Monty Hunter

No. 34
- Position: Safety

Personal information
- Born: January 21, 1959 (age 67) Dover, Ohio, U.S.
- Listed height: 6 ft 0 in (1.83 m)
- Listed weight: 202 lb (92 kg)

Career information
- High school: Dover
- College: Salem
- NFL draft: 1982: 4th round, 109th overall pick

Career history
- Dallas Cowboys (1982); St. Louis Cardinals (1983); Washington Redskins (1984)*;
- * Offseason and/or practice squad member only

Awards and highlights
- All-WVIAC (1981); Second-team All-WVIAC (1980);

Career NFL statistics
- Fumble recoveries: 1
- Sacks: 1
- Stats at Pro Football Reference

= Monty Hunter =

American football player (born 1959)

Orie Montgomery Hunter III (born January 21, 1959) is an American former professional football player who was a safety in the National Football League (NFL) for the Dallas Cowboys and St. Louis Cardinals (NFL).

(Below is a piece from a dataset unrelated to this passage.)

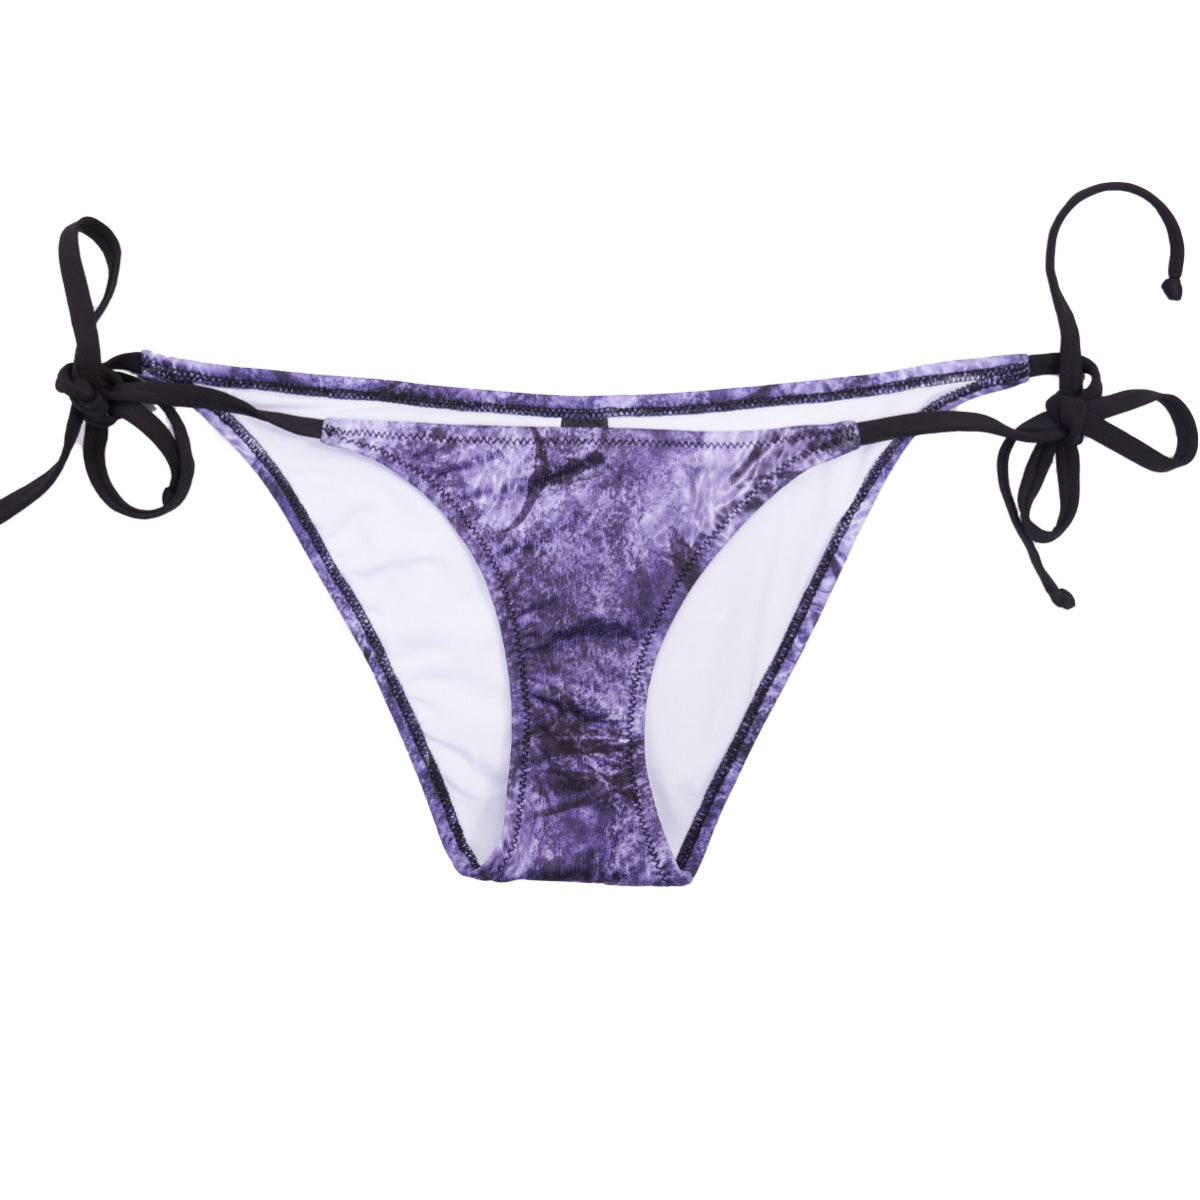 Bimini - Bikini Bottom - Marlin Mania -purple - Stafu Pro Series

He played college football for the Salem Tigers.

==Early life==
Hunter attended Dover High School, where he played as a running back and safety After graduation, he chose to work at the Great Plains Bag Company instead of going to college.

He walked on at NAIA Salem College, where he was a three-year starter at cornerback. As a freshman, he recorded 5 interceptions, although he only played a total of 5 snaps.

As a junior, he had 7 interceptions. He registered 76 tackles (second on the team), 5 interceptions and returned a kickoff for a 93 yards touchdown as a senior.

==Professional career==

===Dallas Cowboys===
Hunter was selected by the Dallas Cowboys in the fourth round (109th overall) of the 1982 NFL draft. He made the team as a backup safety, taking advantage of the retirements of Charlie Waters and Randy Hughes.

Because of his size, he was used as a linebacker on passing downs to cover running backs and tight ends. He is best remembered for the interception he returned for a touchdown in the first round of the playoffs against the Tampa Bay Buccaneers, that turned the game around for a 30–17 win. During the regular season, he also caused a fumble against the Buccaneers, that helped preserve a 14-9 win.

On August 27, 1983, he was waived after being passed on the depth chart by undrafted free agent Bill Bates.

===St. Louis Cardinals===
On August 30, 1983, he was claimed off waivers by the St. Louis Cardinals. He played in five games before being cut on October 2, to make room for cornerback Jeff Griffin.

===Washington Redskins===
On March 1, 1984, he was signed as a free agent by the Washington Redskins. He was released on July 31.